Now, say you want to chat with Billy, so you send him a text message to see if he’s there. He confirms that he’s there, but the text message gets dropped because of a bad cell phone tower. Now both of you are stuck at a stalemate; you’re waiting for his confirmation, and he’s waiting for yours. This is a bad situation! So, in order to avoid this, Billy tries to resend his reply after a certain amount of time, after not hearing from you, because he doesn’t know whether it’s your cell phone tower that’s bad, or his. And, after he still doesn’t get a reply from you, he gives up, and determines that the cell phone towers are conspiring against your friendship.

A Denial-of-Service takes advantage of this protocol, to allow you to, well, troll Billy. How it works is as concisely explained in the comic strip — you send Billy a message saying you want to talk, and he sends you a message back saying that he’s ready to talk, but you “pretend” like you never got his message, keeping him busy for a few minutes until he gives up. Then you poke him again, saying you want to talk again, and pretending like you just can’t hear him, and he’ll always put in a full effort to try to start a conversation with you. This causes Billy a lot of aggravation, especially if you get a lot of people to do this to Billy! Eventually, he won’t be able to keep sending all these confirmations to all the people that he thinks genuinely want to talk to him, and he spends every waking minute replying to these phony text messages, leaving him no time to start conversations with people who actually want to talk to him. Thus, you’re denying anyone who wants to actually talk to Billy the service of Billy’s conversation.

Miscellaneous Facts: The “text messages” that computers send to each other are called packets. It’s exactly like what it sounds like — a small parcel of information, wrapped nicely with a stamped address, date, return address, and all the good stuff.

The initial packet in the handshaking protocol is called a SYN packet, short for synchronize. The receiving computer sends back an ACK packet, short for acknowledge, as well as another SYN packet. The original conversation-starter replies to the SYN packet with a final ACK, and then conversation can begin. The computer who sends both the SYN and the ACK at the same time sends a combined packet, usually referred to as SYN/ACK. This makes the protocol a three-packet protocol: SYN, SYN/ACK, then lastly, ACK.

Source: http://pbjbreaktime.com/2011/01/what-is-ddos-denial-of-service-attack-explained-in-laymens-terms/

http://www.reddit.com/user/ProggitExplainer

South Korean police arrested a man from Seoul last week, on suspicion of working with North Korea to develop games infected with spyware.

According to a news report in the Korea JoongAng Daily, the 39-year-old game distributor was arrested on June 3 and charged with violating the National Security Law.

The law is North Korea-specific.
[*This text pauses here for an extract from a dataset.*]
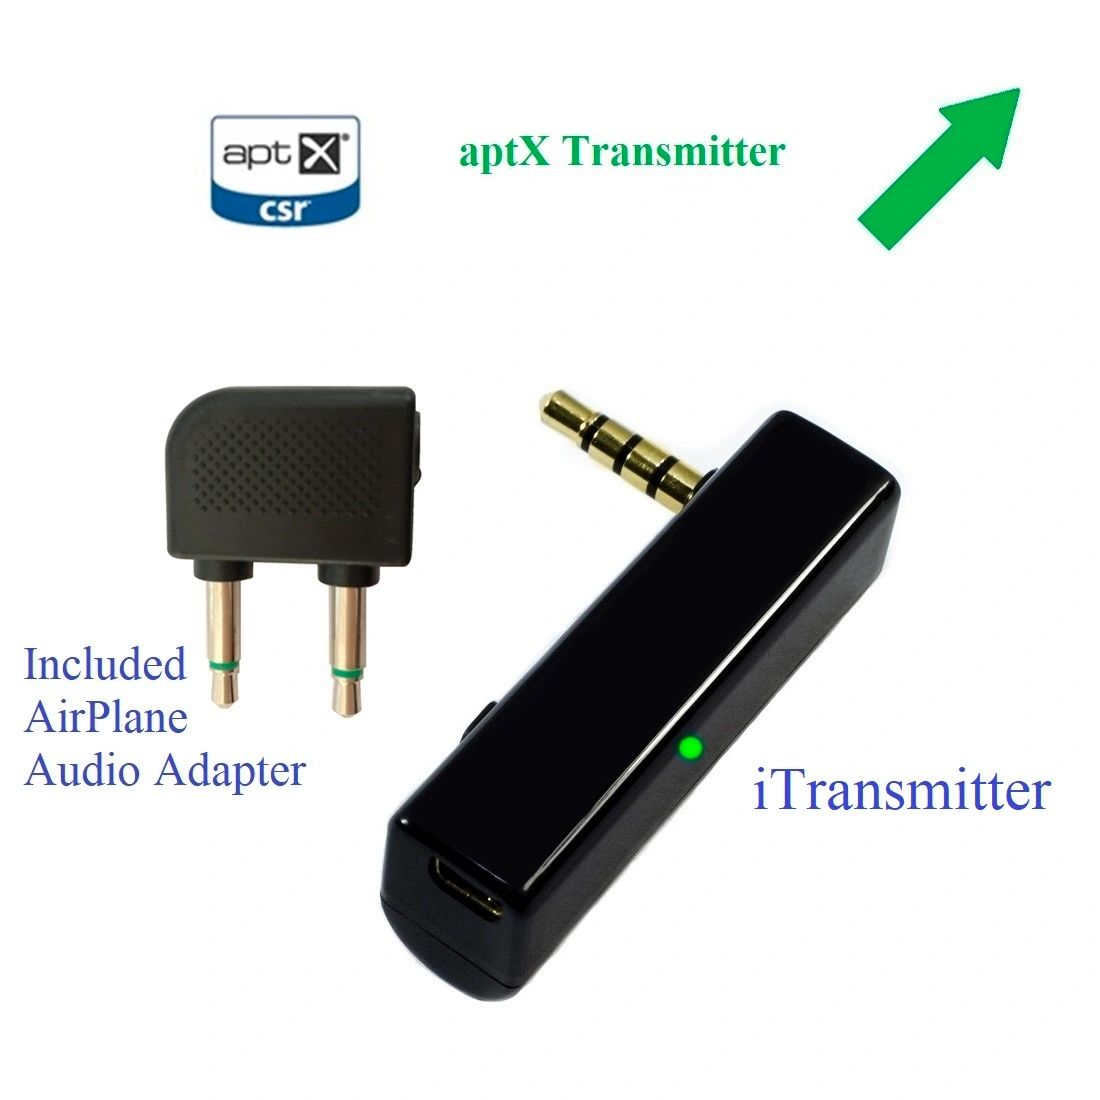 KOKKIA AirConnect_aptX : Airplane in-Flight Bluetooth Transmitter with aptX,  Lets You untether from Seats,Freely Enjoy

Passed as the National Security Act in 1948, it outlawed:

communism;
recognition of North Korea as a political entity;
organizations advocating the overthrow of the government;
the printing, distributing, and ownership of “anti-government” material;
and any failure to report such violations by others.

The man was identified only by his family name, which news outlets render as either Cho or Jo.

Police claim that Cho met with North Korean spies who had set up a hacking base disguised as a trading firm in the Northeastern Chinese city of Shenyang.

The North Korean spies were allegedly associated with the country’s Reconnaissance General Bureau.

According to the Federation of American Scientists, this department ferrets out strategic, operational, and tactical intelligence for the Ministry of the People’s Armed Forces and plants spies in South Korea, either via boat or though tunnels under the demilitarized zone.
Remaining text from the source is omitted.